Step 1. Power up:
- Subtract the anger - she is unhappy too - there is a path forward. It might be together or not. That will take a little time.
- Subtract the fear. ACCEPTANCE. The worst thing that might happen is that you divorce. I know that is sad. But you will both get over it. DO NOT MENTION THE D WORD TO HER at this point and don't even reply if she says it to you. Just internally accept it. This will make you WAY less anxious.
- Start going to the gym A LOT. Eat healthy - get enough sleep. This will change your mindset a LOT.
Step 2: Begin to learn good ways to interact with her.
- When my wife is bittchy I am quiet and make the effort to be calm. When I do this she tries to push my buttons. She will repeatedly say - "are you mad - why are you mad?" and stuff like that. I just don't reply. And I tell her I am need to go do something else and then I create some space.
- And then I let her come to me. I mean I am polite and friendly and if she NICELY asks me to do something I do it. If she asks in a mean way I just say - I can't do that. If she asks why I tell her to ask nicely at some future point and she will likely get a different answer.
- If she is aggressive/mean - I say "when you can speak to me constructively I will talk to you" and wait. She either changes tone or I walk away.
- And I am fine being in the house - being polite in sort of an emotionally reserved state - for as long as it takes. And in fact the more aggressive she gets the more time I spend AWAY from her. She wants a break from the kid - no problem - I take the baby on a nice long long walk with a bottle.
And I just repeat the same mantra. You seem angry a lot - if you can treat me nicely we can interact - otherwise not.
If you DON'T let her get you wound up - you won't feel anxious and the emotional need to go find a way to make up will be gone.

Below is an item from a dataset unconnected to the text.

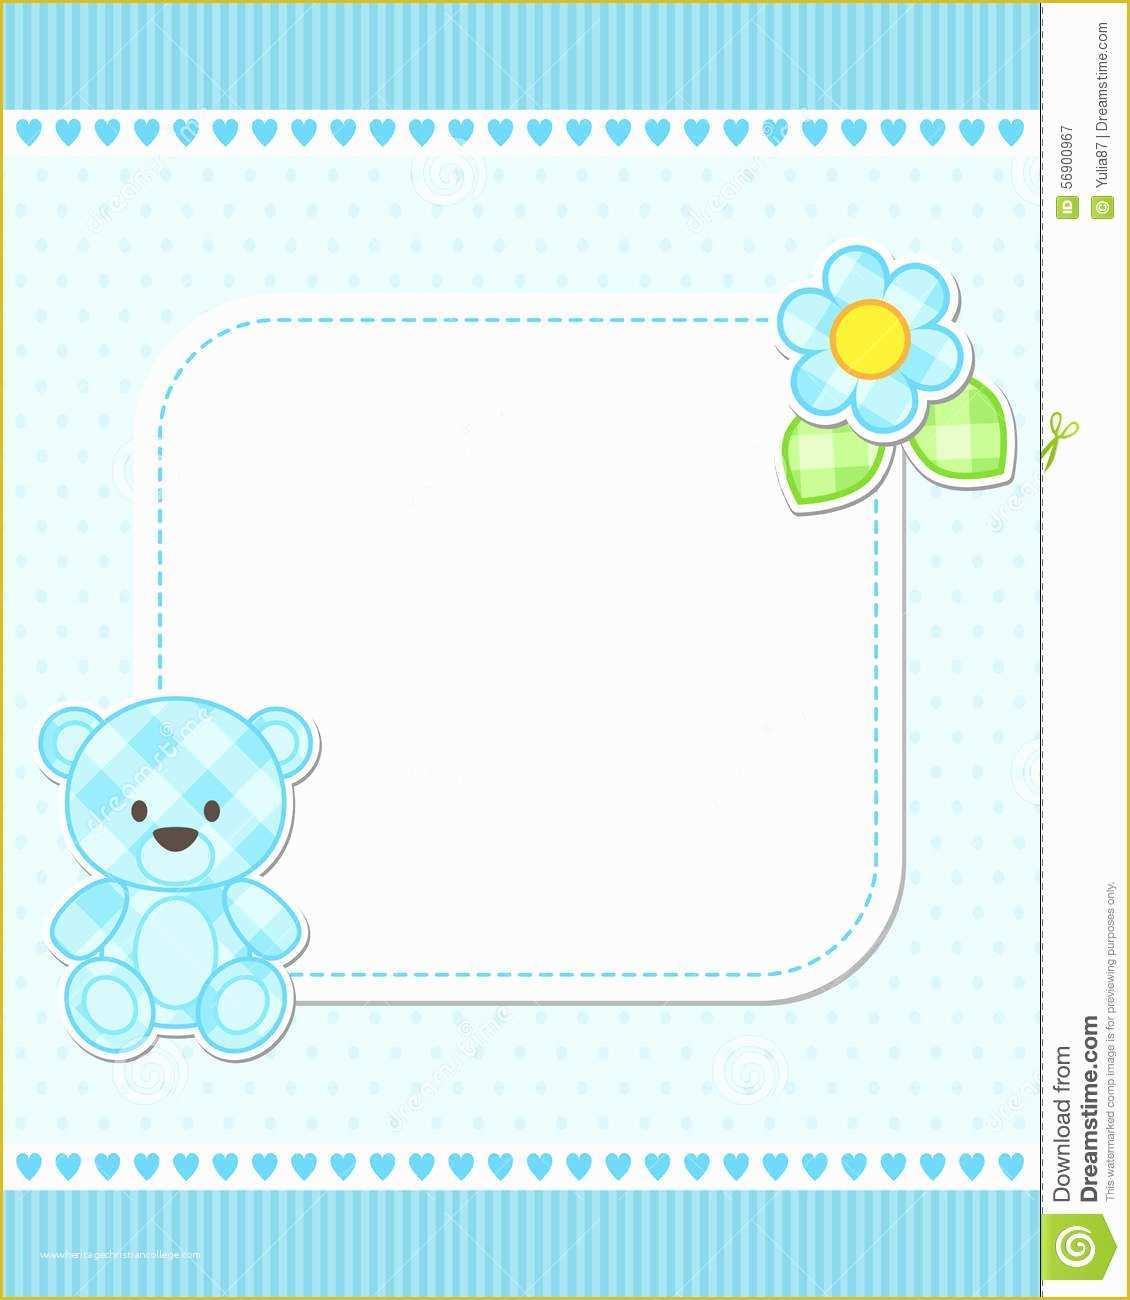 Teddy Bear Baby Shower Invitations Templates Free Of Blue Teddy Bear Card Stock Vector Illustration Of

Suggest MC - usually crazy people KNOW they are being that way and act accordingly. Meaning they AVOID MC like the plague.
Originally Posted by wheretogofromhere View Post
Wow, not sure where to start. I guess can say I have a very controlling wife. Going into this marriage was probably a little to fast. But we both knew each other, our passions and what we did in life to keep us going. Since our marriage, I have lost complete control over my own life. She finds the negative in every situation. It is never "good job", "go have fun", or anything positive or happy. Its always, "whats this charge", "what did you buy for 7.32 ", "what took you so long", "dont hold the baby like that", dont do this, dont do that, maybe one day, etc etc etc. It has gone from big things, to now everything. It has weakened me to a point that I dont even want to interact with people, or even talk. Im in a managerial role at work, and it has completely changed my work ethic. I am passive at home, passive at work, passive with friends. Shoot, what friends I have left.
I am not sure if this is curable, and am beginning to think I am wasting time staying in this state. it has gotten to a point I have no patience everytime she says anything negative to me. My blood boils and it feels like I have 1000 tons of bricks on my chest every day.
I have tried to talk to her about it, but either something from the past gets brought up, or it just gets turned around. then she plays the silent game for about 4 hours. I dont even ask to do anything anymore to reduce conflict, and when I do it takes 2 days of energy building just to get the nerve to do it.
I used to have control of my life, wha should I do to get it back?